I’d expect the result to be more Stalin oriented, with politically correct thoughts being the measure of potential elimination. Of course, that requires constant monitoring by _many_ monitors…which means very intense citizen participation.
Lovely. You won’t be able to trust anybody.
Well, they’ve already targeted the youngest—50+ million children in the womb—and now they’re setting their sights on the eldest (old white legislators excepted) via Obamacare.
No, they won’t target blacks and Latinos. Those populations are mostly docile and have been pacified via welfare, affirmative action and gold-plated victimhood. The occasional outlier, like a Thomas Sowell, would be fair game, though.
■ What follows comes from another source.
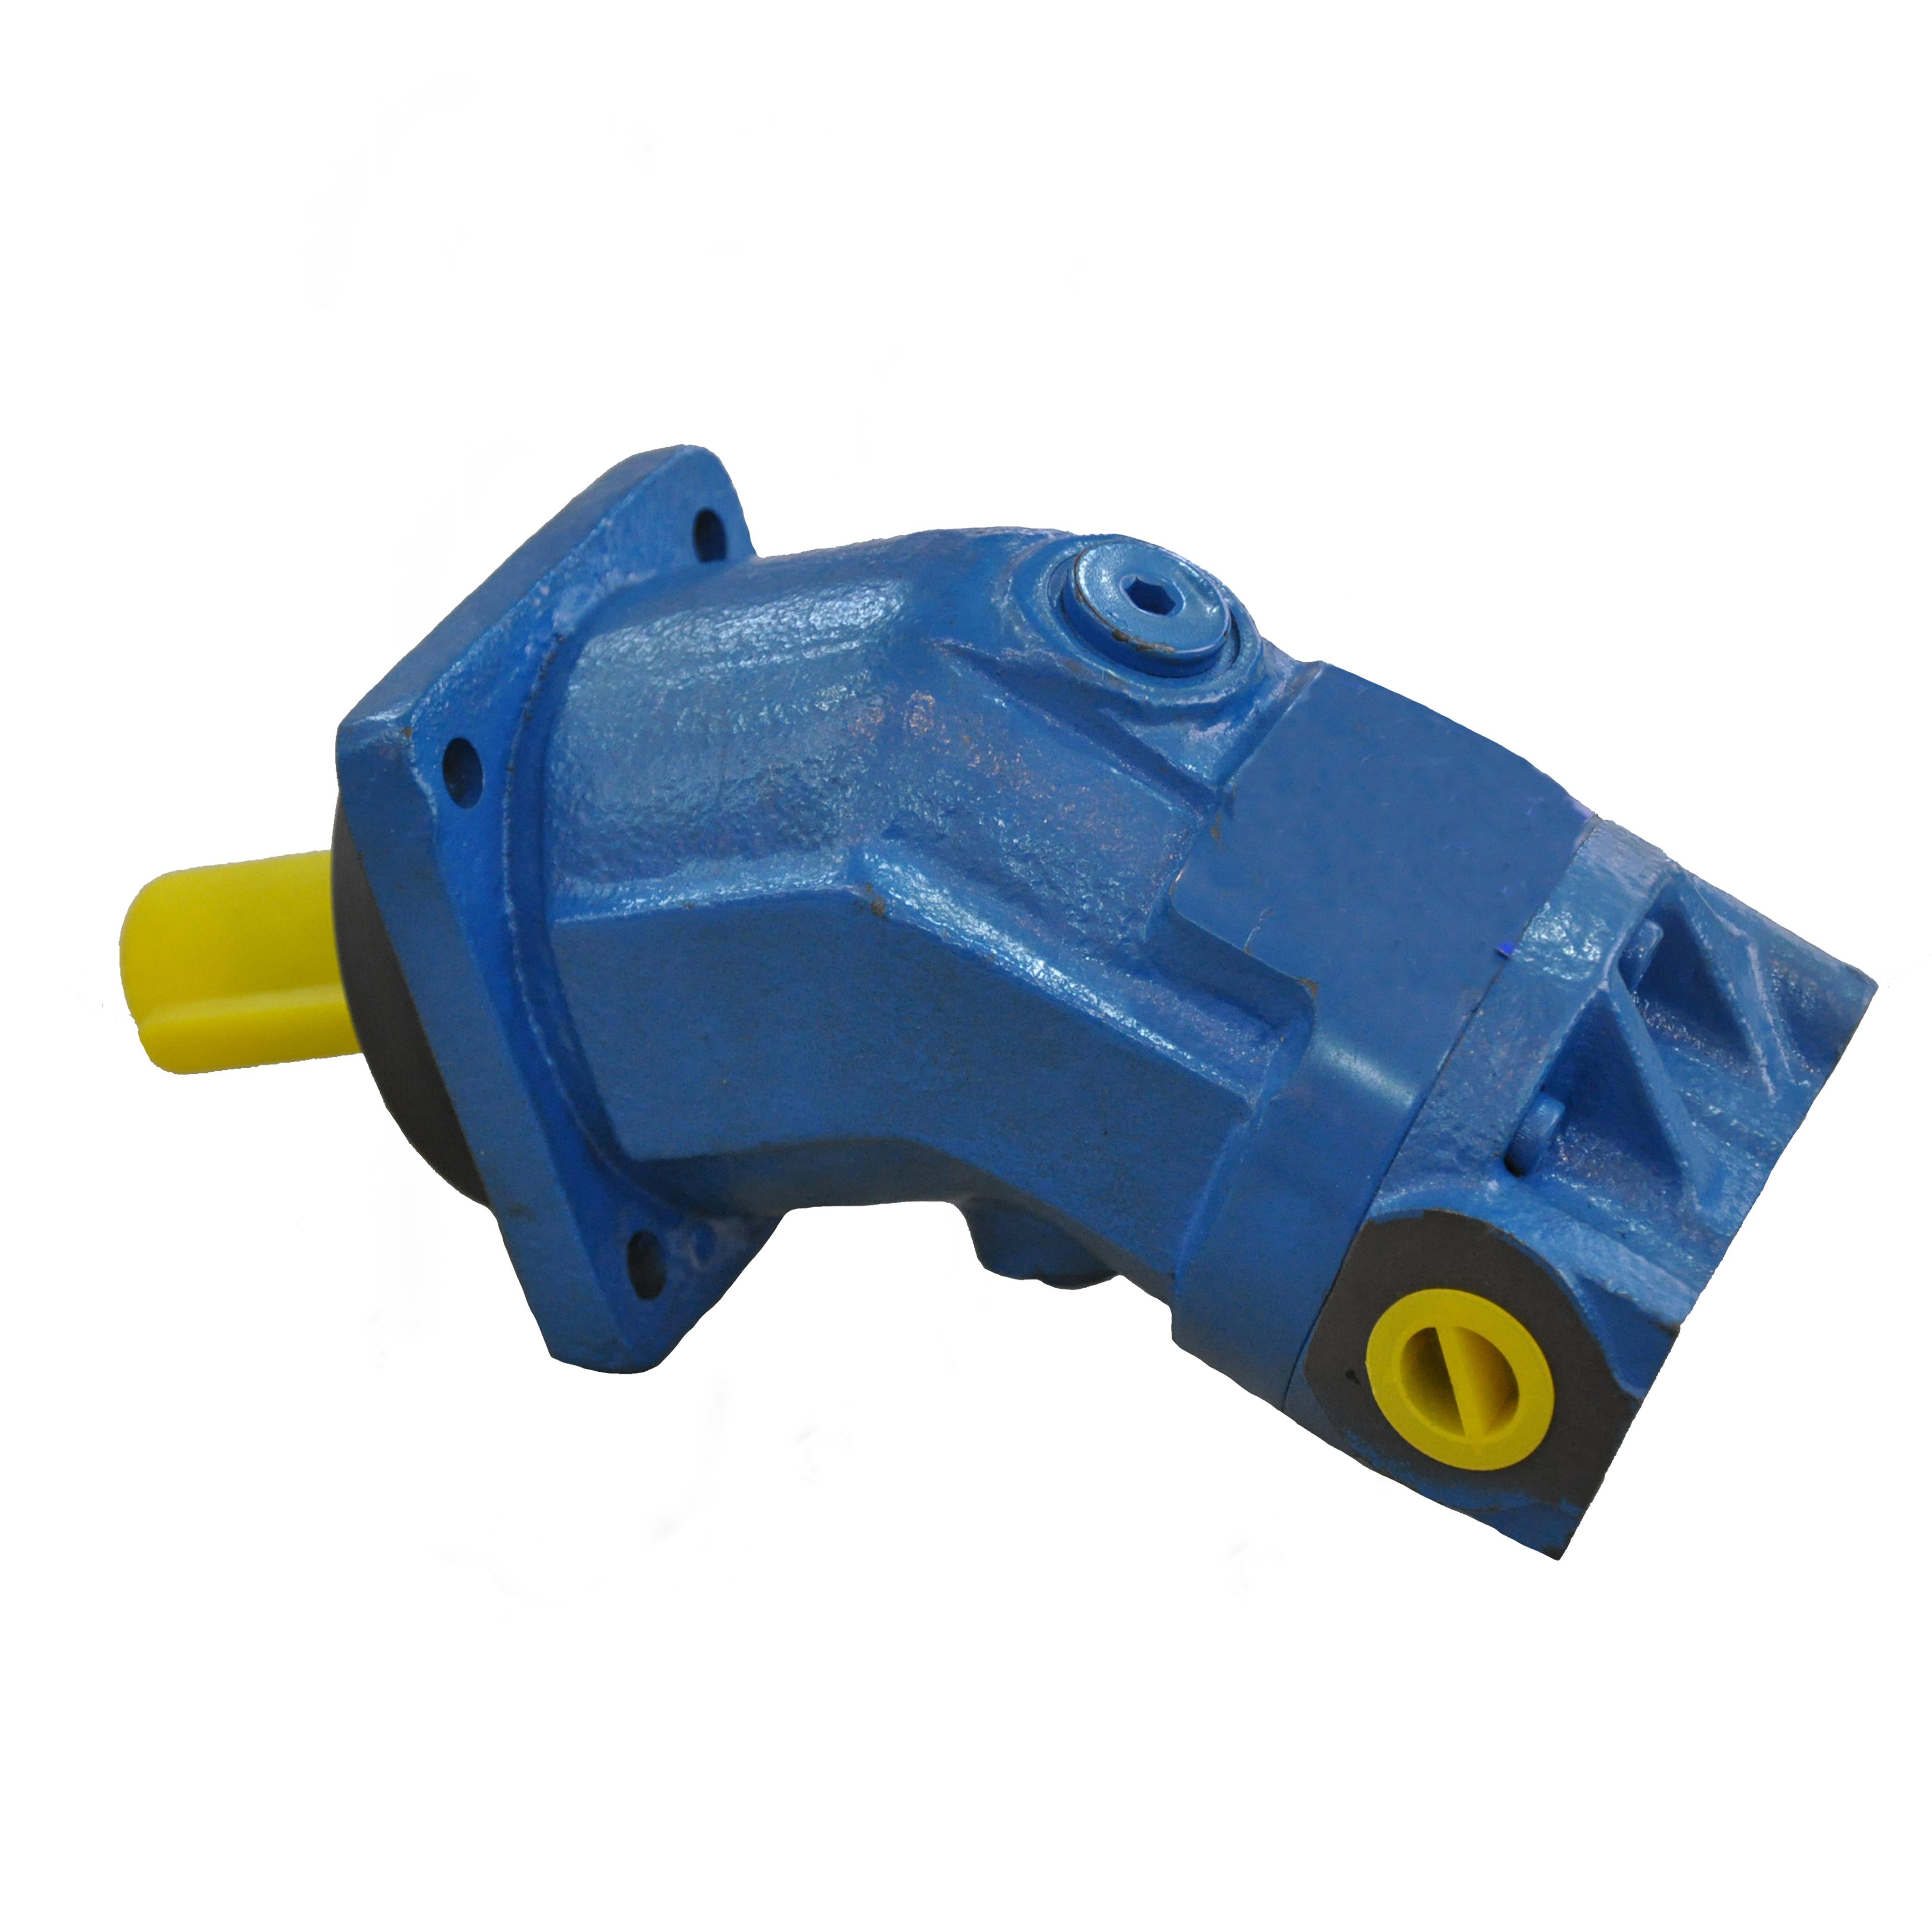 A2F SERIES high pressure piston hydraulic pump

American Jews have already co-opted themselves. Some—maybe even many—will make it across the divide between statists and freemen, but their subsequent persecution will not be based on their nearly non-existent religious practices but on their politics, as suek points out.
Who will the fascists come after? It’s been pretty clear to me for several years: the Catholic Church, evangelical Protestants and Mormons. We had a foretaste of that in the post Prop. 8 thuggery against those groups by militant homosexuals. Those churches’ opposition to abortion and sodomy, two linchpins of progressive thinking, their defense of the elderly and their refusal to give the state greater honor than God rankle the fascisti and drive them to heights of hatred and anger.
The difference between us and Germany is that Germany did not have a civil war because of Hitler. If Obama pushes too hard—and I fear he or his handlers will—we will have a civil war. If or when we do, it would be good to remember that we are the Union and that Obama and his thugs are the seccessionists.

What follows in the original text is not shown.